(Bernd Debusmann Jr. has lived and worked in his native Mexico for the last two years, most of it as a full-time freelancer for Reuters TV, also contributing to Fox Latino. Previously he worked as a reporter in New York City and as a freelance producer for the Reuters Latin American Television Desk in Washington DC, during which time he dealt with many drug trafficking stories. During 2010 and 2011 he authored the weekly Mexico Drug War Update published by this newsletter, available in our Mexican Drug War archive section.)
On Monday, July 16th, Mexican marines captured Miguel Angel Trevino Morales, the leader of Mexico’s notorious Zetas criminal organization, just outside the border city of Nuevo Laredo, along with his bodyguard, an accountant, some $2 million in cash and eight weapons. How much difference will his capture make on the flow of drugs to the United States? Probably not much.
Trevino Morales, widely known as Z-40, is the most important criminal figure captured or killed so far during the administration of President Enrique Pena Nieto, and is widely regarded as one of the most powerful, violent and high-profile violent drug traffickers in the country, having previously served as a regional “plaza” boss in Nuevo Laredo and Veracruz and second-in-command of the organization under his predecessor, Heriberto Lazcano Lazcano.
Aside from being a key player in the Mexico-US drug trade and other illicit businesses, Trevino is thought to be responsible for the deaths of hundreds, if not thousands, of Mexicans as well as foreign migrants. (He has so far been charged with the kidnapping and murder of 265 north-bound migrants in the San Fernando, Tamaulipas, in 2010 and 2011.)
But what effect will his arrest have on Washington’s war on drugs? The unfortunate answer is that it is unlikely to mean much in the long term. History shows that men like Trevino are quickly replaceable, and that business goes on.
His predecessor, Heriberto Lazcano, was gunned down in a firefight with the marines in October 2012, only to be replaced by Trevino. Lazcano’s predecessor, Rogelio Gonzalez Pizaña, was arrested in October 2004, just two years after the founder and first leader of the Zetas, Arturo Guzman Decena, was killed in a gun battle with the Mexican army in the city of Matamoros.
Despite being repeatedly decapitated, the organization continued to grow and become more powerful, eventually splitting off from its Gulf Cartel bosses and becoming an independent entity in 2010.
In terms of stemming the flow of drugs to the United States, Trevino’s arrest is unlikely to have any positive effect.
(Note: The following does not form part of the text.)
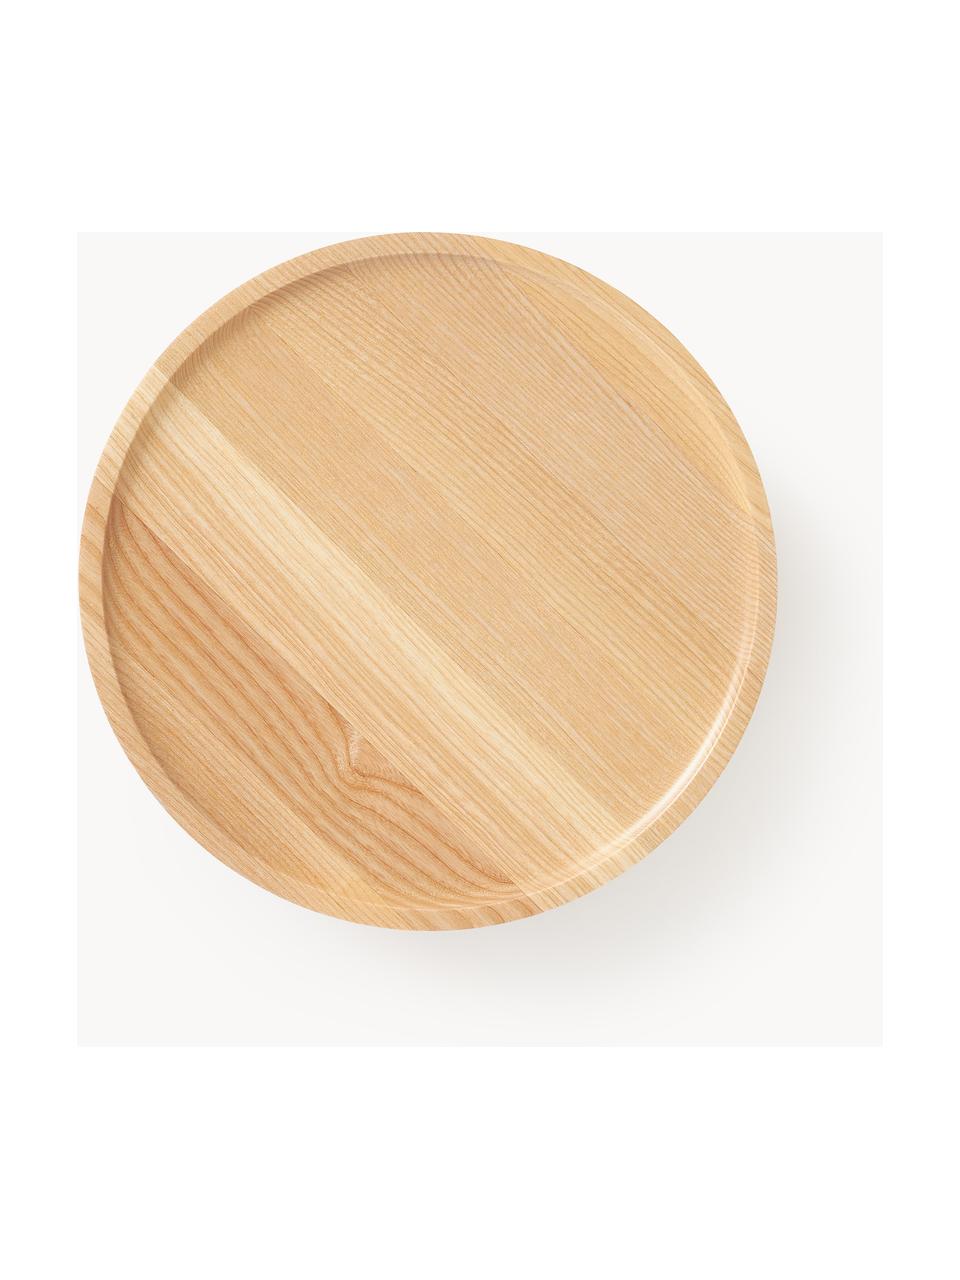 Dekorativní podnos z jasanového dřeva Keoni, Lakované jasanové dřevo

Tento produkt je vyroben z udržitelných zdrojů dřeva s certifikací FSC®., Jasanové dřevo, Ø 30 cm

In a videotaped 2011 interrogation of Jesus Enrique Rejon Aguilar, an army deserter and one of the original Zetas, Aguilar revealed that the Zetas’ drug trafficking business is managed by personnel dedicated only to that task.
There is no reason to believe that Trevino’s arrest will have any more effect on that apparatus than the arrest of previous bosses. Did the death of Pablo Escobar and the arrest of the heads of the Cali Cartel stem the flow of cocaine from Colombia? No. Did all the kingpins killed or captured under the administration of Calderon (and before) make a difference on the flow of drugs across the Mexican border? No, and neither will Trevino’s.
Trevino’s arrest, however, is likely to have a significantly negative impact on the level of violence in Mexico. Pena Nieto came into office with a promise to stem the bloodshed, but the events of the last few years have shown that the death or arrest of high-level criminals often unleashes a wave of violence as their underlings fight among themselves, as was the case after the death of Arturo Beltran Leyva in 2009.
The Mexican military has been asked by its government to become very good at decapitating cartels, and they have. But it hasn’t made much difference.
In the months before his arrest, Trevino seems to have consolidated his power over the organization, which had experienced factional infighting in 2010 and 2011. While it is likely that Trevino’s brother Alejandro (Z-42) will take the reins of the organization, it remains to be seen whether his leadership will be disputed by other high-ranking Zetas, or whether the organization will fragment without a strong leader.
Another possibility is that — sensing a moment of weakness — the Zeta’s enemies, such as the Sinaloa Cartel under Joaquin “El Chapo” Guzman and the Gulf Cartel, will make a concerted effort to control the city of Nuevo Laredo, long considered the “Crown Jewel” of the Mexican drug trafficking landscape. Previous efforts to wrestle control of the city from the Zetas were extremely bloody, drawn-out affairs.
This isn’t to say that Trevino should have been ignored. He is a ruthlessly efficient criminal with blood on his hands. But the triumphant congratulations on the capture from Mexican and US officials may be premature.
The fact of the matter is that a military-focused strategy, or a strategy focused on individuals, is unlikely to have any long-term positive effect in Mexico’s Drug War.
As long as Americans want to buy a commodity which the Mexican cartels can supply, they will continue to exist, and violence will inevitably follow as a consequence of disputes in a very profitable, unregulated industry. Any change will have to come from a combination of law enforcement and more sensible drug laws in the United States focusing on demand reduction.